Re: remove iomap_writepage v2

Mel Gorman <mgorman@xxxxxxx> · Fri, 29 Jul 2022 10:22:16 +0100

On Thu, Jul 28, 2022 at 01:10:16PM +0200, Jan Kara wrote:
> Hi Christoph!
> 
> On Tue 19-07-22 06:13:07, Christoph Hellwig wrote:
> > this series removes iomap_writepage and it's callers, following what xfs
> > has been doing for a long time.
> 
> So this effectively means "no writeback from page reclaim for these
> filesystems" AFAICT (page migration of dirty pages seems to be handled by
> iomap_migrate_page()) which is going to make life somewhat harder for
> memory reclaim when memory pressure is high enough that dirty pages are
> reaching end of the LRU list. I don't expect this to be a problem on big
> machines but it could have some undesirable effects for small ones
> (embedded, small VMs). I agree per-page writeback has been a bad idea for
> efficiency reasons for at least last 10-15 years and most filesystems
> stopped dealing with more complex situations (like block allocation) from
> ->writepage() already quite a few years ago without any bug reports AFAIK.
> So it all seems like a sensible idea from FS POV but are MM people on board
> or at least aware of this movement in the fs land?
> 
> Added a few CC's for that.
> 

There is some context missing because it's not clear what the full impact is
but it is definitly the case that writepage is ignored in some contexts for
common filesystems so lets assume that writepage from reclaim context always
failed as a worst case scenario. Certainly this type of change is something
linux-mm needs to be aware of because we've been blind-sided before.

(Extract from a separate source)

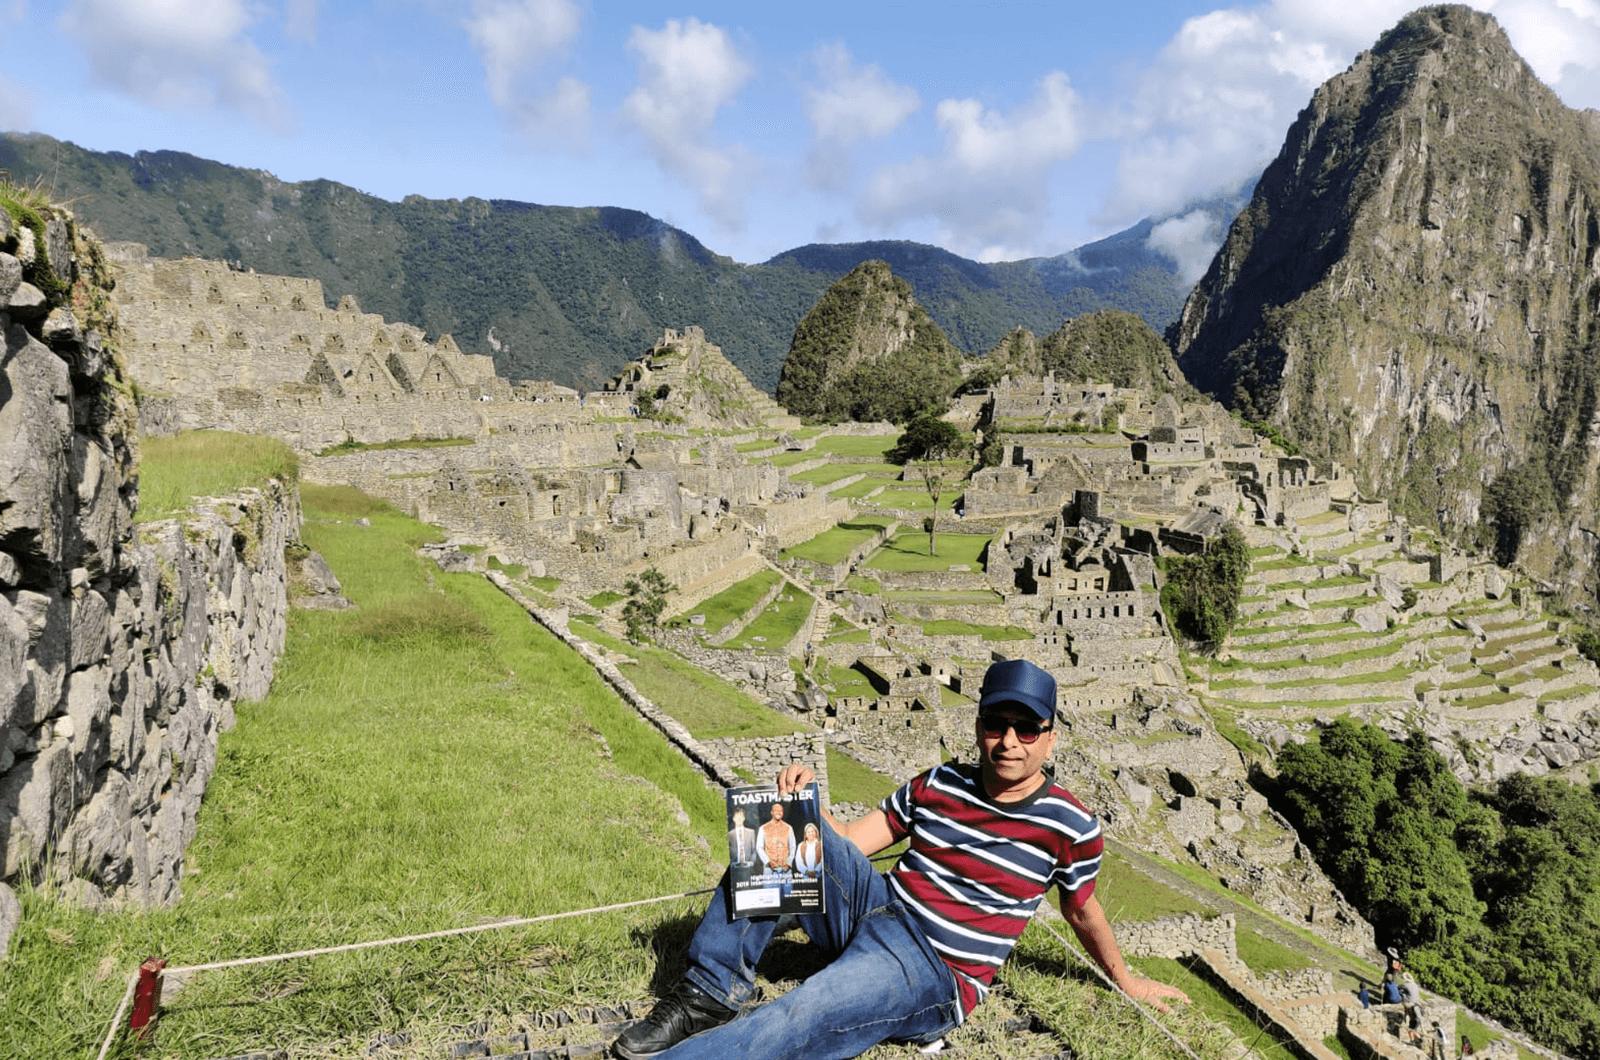 Sam Sukumar of Chicago, Illinois, looks over Machu Picchu while visiting Peru.
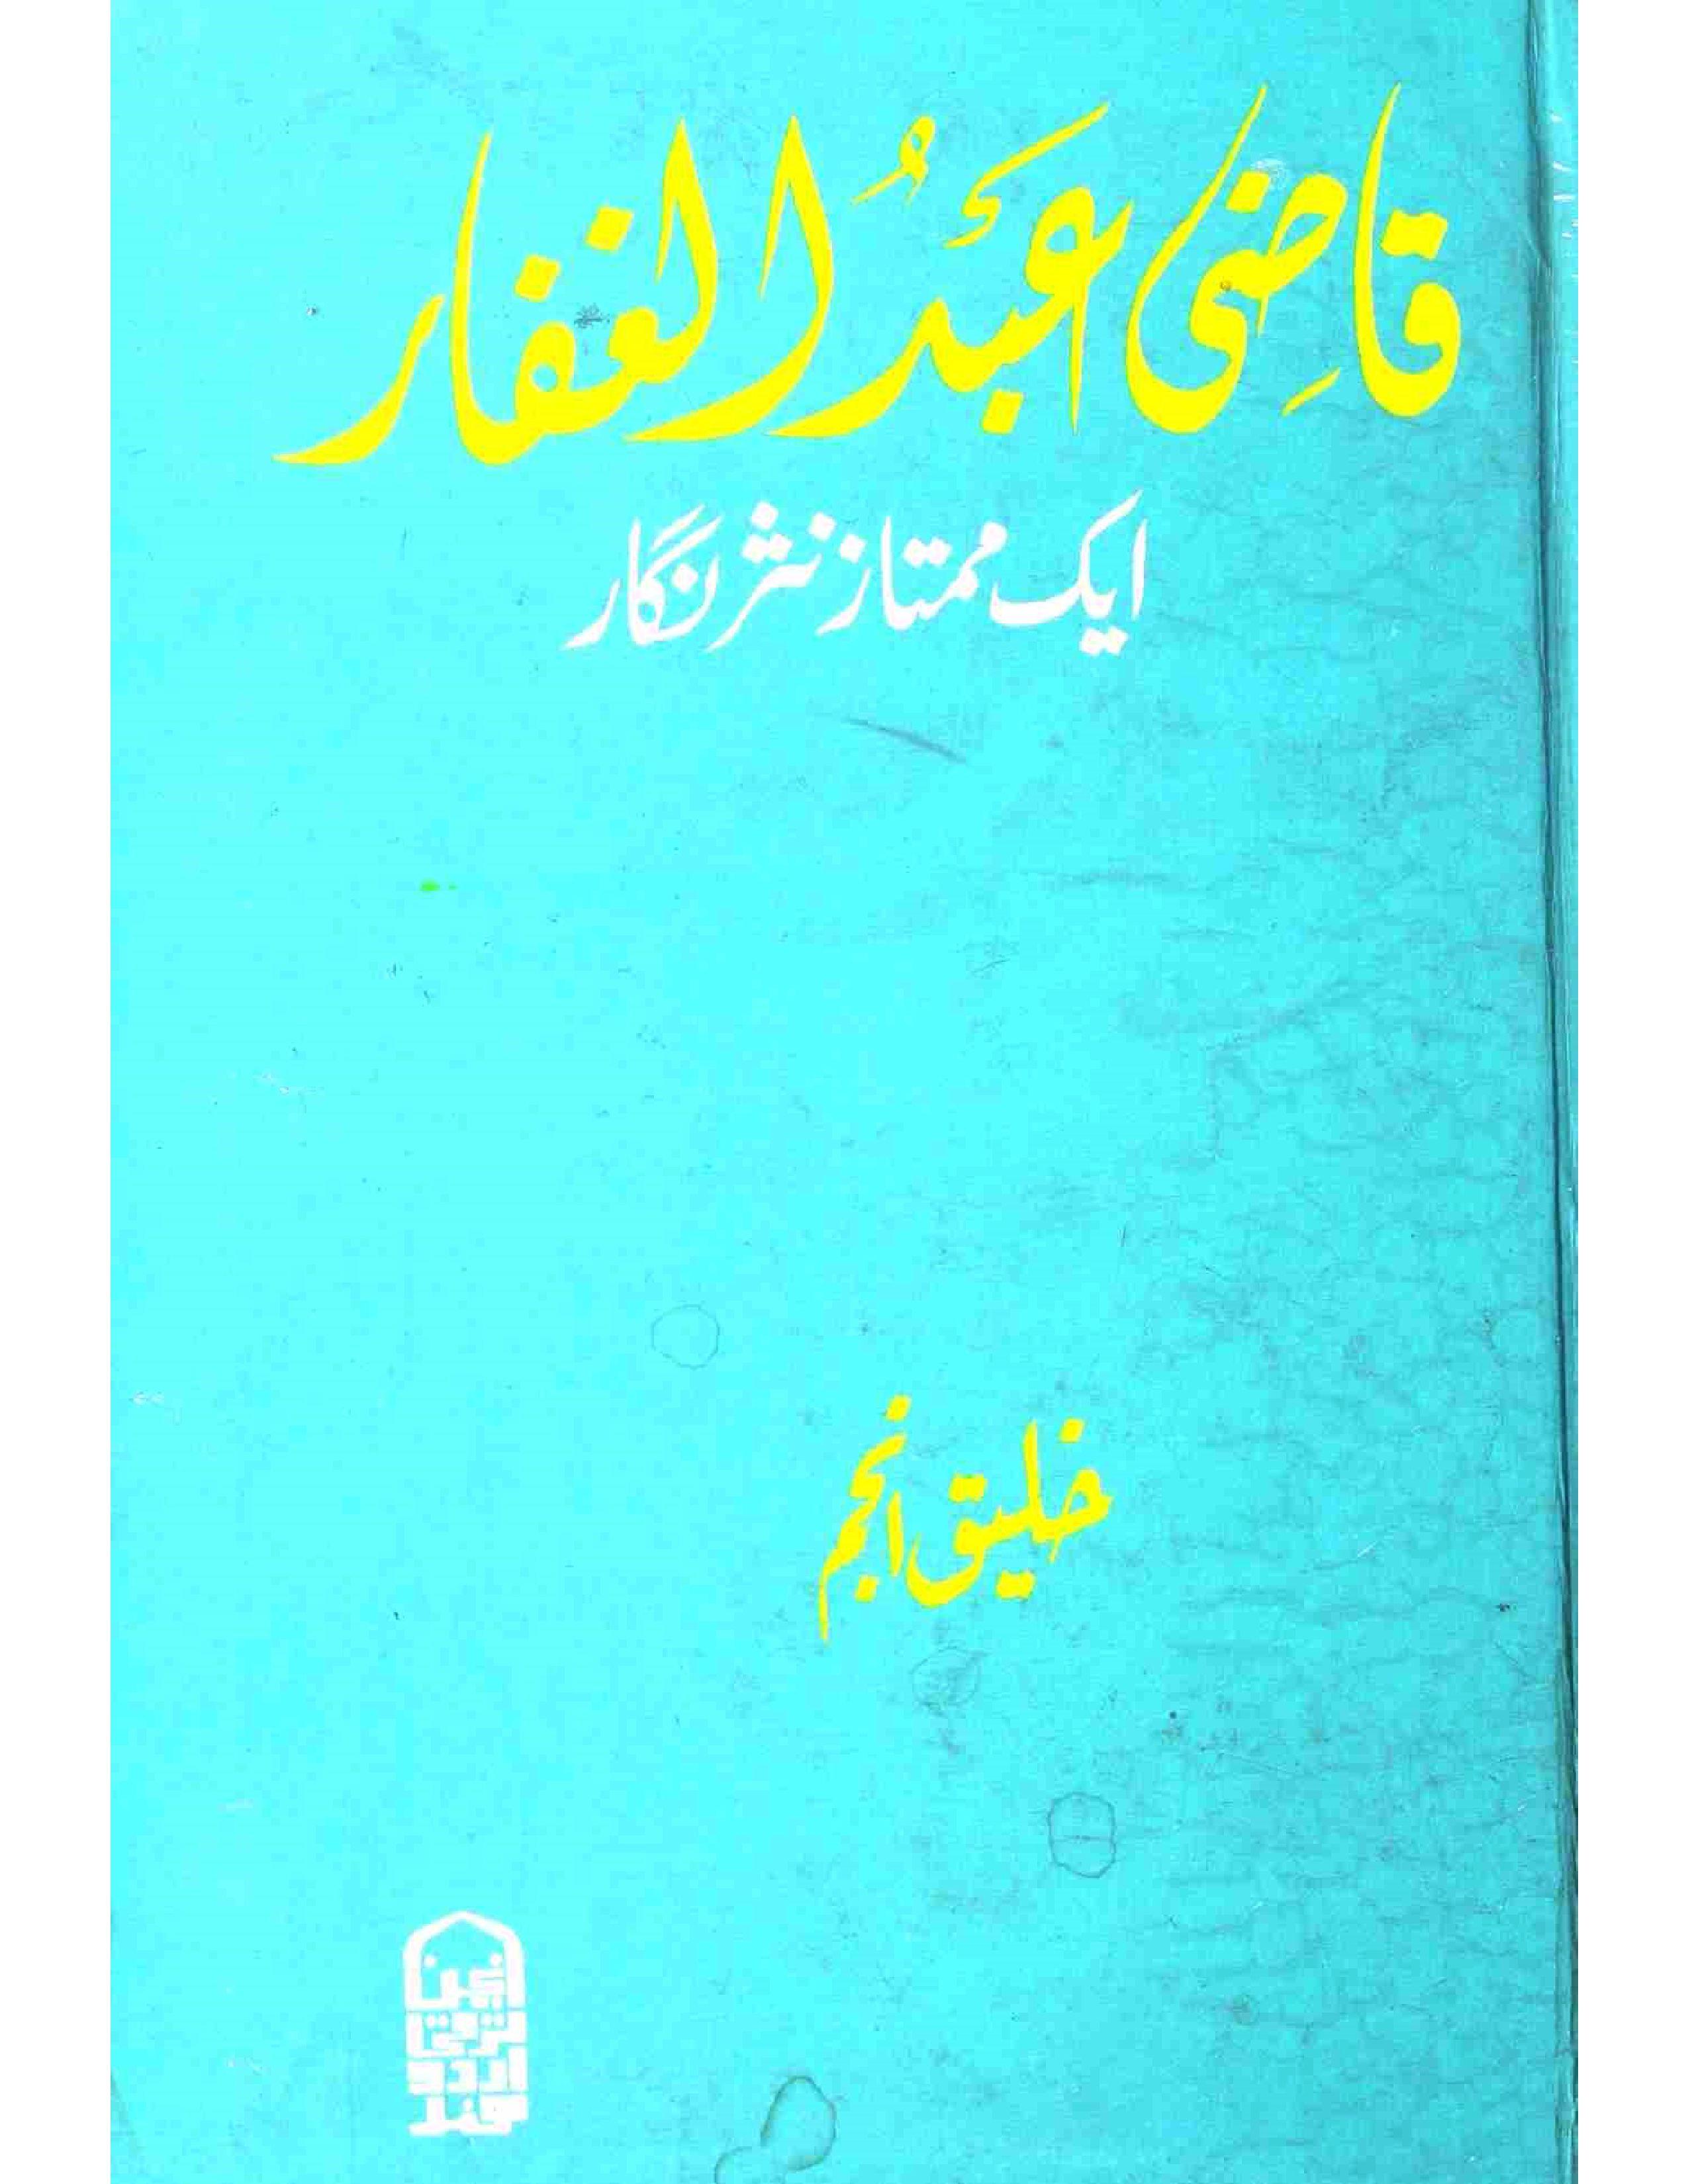 Qazi Abdul Ghaffar : Ek Mumtaz Nasr Nigar

I don't think it would be incredibly damaging although there *might* be
issues with small systems or cgroups. In many respects, vmscan has been
moving in this direction for a long time e.g. f84f6e2b0868 ("mm: vmscan:
do not writeback filesystem pages in kswapd except in high priority") and
e2be15f6c3ee ("mm: vmscan: stall page reclaim and writeback pages based on
dirty/writepage pages encountered"). This was roughly 10 years ago when
it was clear that FS writeback from reclaim context was fragile (iirc it
was partially due to concerns about stack depth and later concerns that a
filesystem would simply ignore the writeback request). There also is less
reliance on stalling reclaim by queueing and waiting on writeback but we now
should explicitly throttle if no progress is being made e.g. 69392a403f49
("mm/vmscan: throttle reclaim when no progress is being made") and some
follow-up fixes.

There still is a reliance on swap and shmem pages will not ignore writepage
but I assume that is still ok.

One potential caveat is if wakeup_flusher_threads() is ignored because
there is a reliance in reclaim that if all the pages at the tail of the
LRU are dirty pages not queued for writeback then wakeup_flusher_threads()
will do something so pages get marked for immediate reclaim when writeback
completes. Of course there is no guarantee that flusher threads will start
writeback on the old pages and the pages could be backed by a slow BDI
but wakeup_flusher_threads() should not be ignored.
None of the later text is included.